X lies on Polar of T. Let $ABC$ be a triangle and $D,E,F$ are the foot of altitudes from $A,B,C$ on $BC,AC,AB$ respectively and $H$ be the orthocenter of $\triangle ABC$, $M$ be the midpoint of $BC$, let $MH\cap EF=X$ and $EF\cap BC=T$. Prove that $X\in$ Polar of $T$ WRT $\odot(ABC)$
What I did: project from H from line EF to BC
 A: Configurations involving a triangle $\Delta{ABC}$, its circumcircle $(ABC)$, orthic triangle $\Delta{DEF}$, and line $MH$ are rich with concurrences, collinearities and cyclics.  There's quite a bit going on, and I'd recommend looking at

*

*blog post The Ex-points and the Queue-points - Part One

*Pamfilos' pages Orthocenter and Orthocenter 2.

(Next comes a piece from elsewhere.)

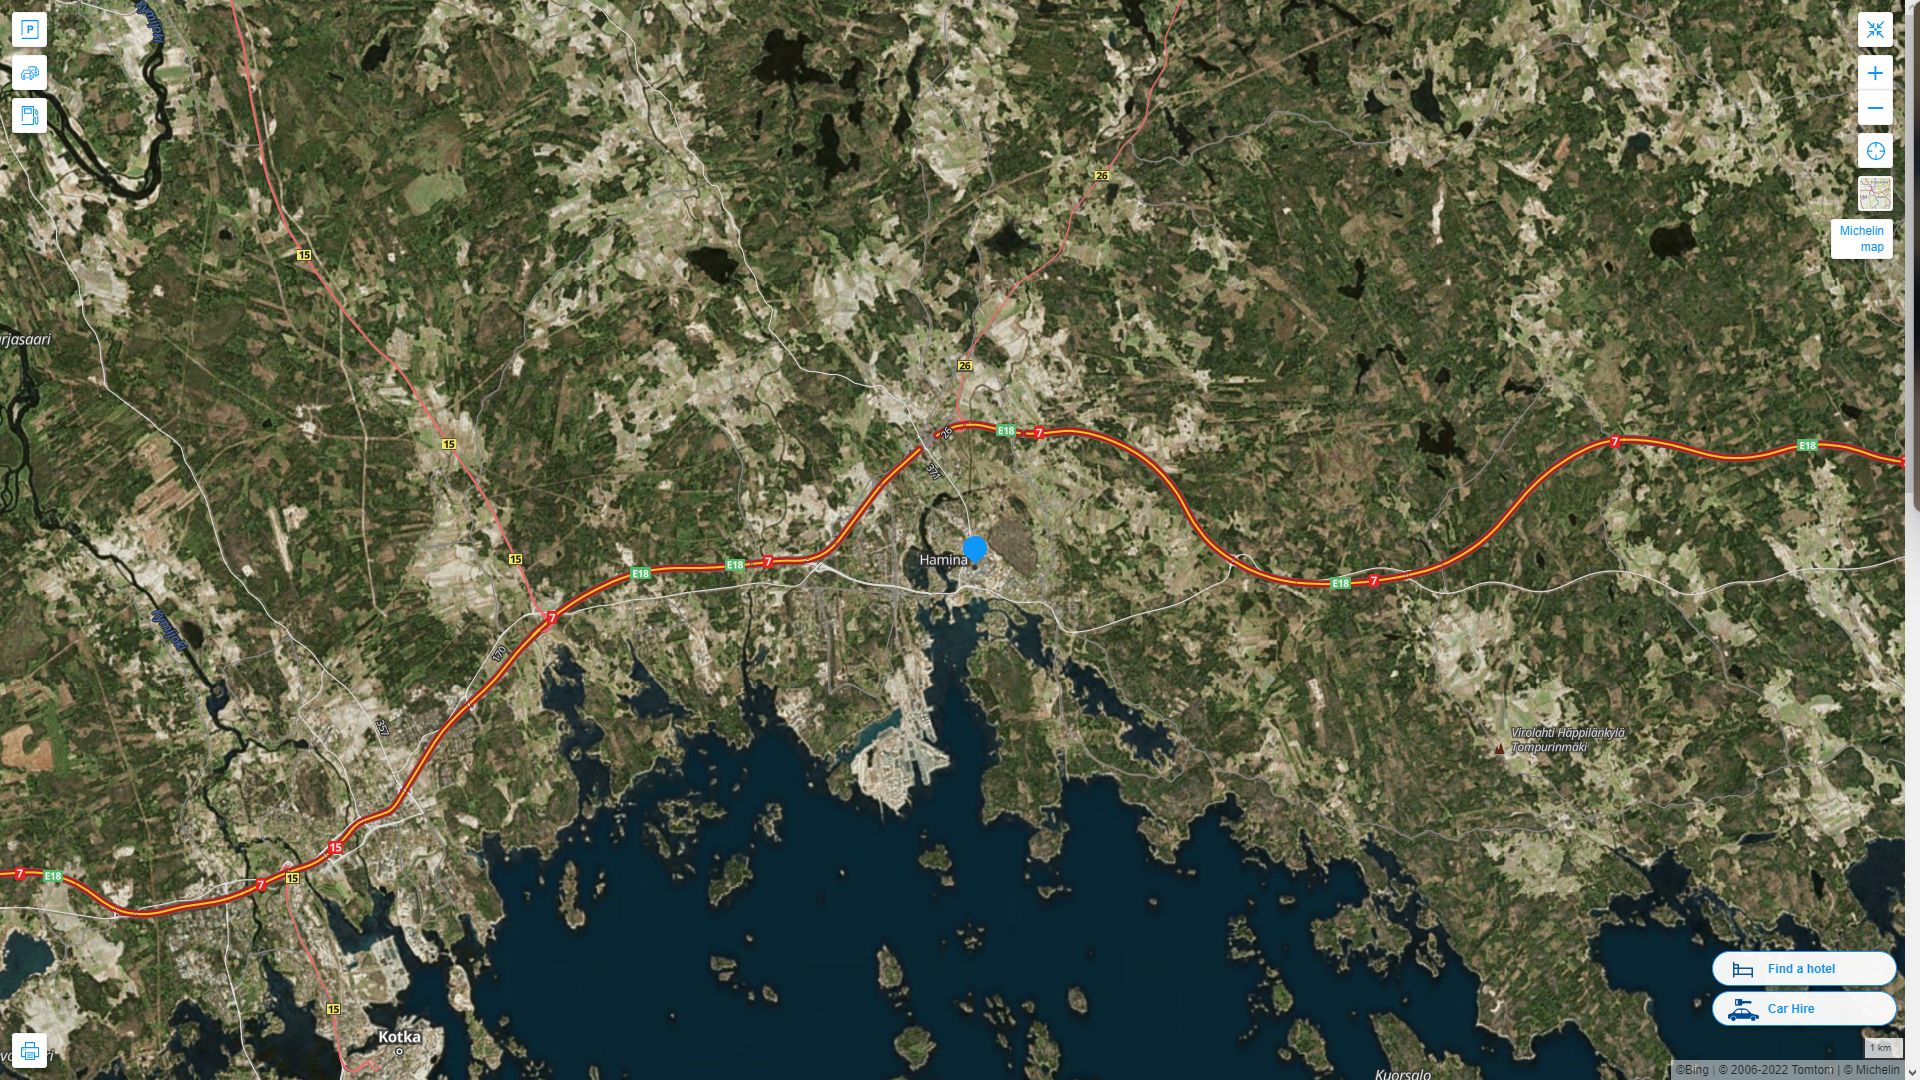 Hamina Highway and Road Map with Satellite View

Much of what I'll say is demonstrated in the above references.
Here is the diagram:

The circles $(BCEF)$ and $(AFHE)$ are shown, and $Q$ is the second intersection of $(AFHE)$ and $(ABC)$.  $O$ is the center of $(ABC)$ and $AA'$ is a diameter.  The references show that $Q,H,M,A'$ are collinear.  $QA$ runs through $T$ because $T$ is the radical center of the three circles. Finally, $P=AX\cap A'T$.
Note that in triangle $\Delta ABC$ the points $A$ and $H$ are on each other's polars wrt $(BCEF)$ because $\Delta THA$ is the diagonal triangle of quadrangle $BCEF$. (The altitudes $AD,BE,CF$ are some of the lines we would use in the straightedge construction of $H$ and $A$'s polars).  Cutting to the chase, we claim that $X=EF\cap MH$ is the orthocenter of the triangle $\Delta AA'T$.  If this is the case, and $XQ$ and $XP$ are altitudes, $T$ and $X$ are on each other's polars wrt to the circle $(A'AQP)$.
Line $XM\perp QA$ because $\angle{HQA}=\angle{HFA}=\pi/2$.  Line $XE\perp AA'$ because, respectively, the diameters through $A,B,C$ are perpendicular to the tangents through $A,B,C$, which are parallel to the sides $EF,FD,DE$ (see this answer).  Thus $X$ is the orthocenter of triangle $\Delta{TAA'}$ and $XP\perp A'T$.  Since $\angle{APA'}=\pi/2$, $P$ lies on the circle $(ABC)$.
Since $T$ and $X$ are on each other's polars wrt to the circle $(A'AQP)$, and circles $(A'AQP)$ and $(ABC)$ are the same, we are done.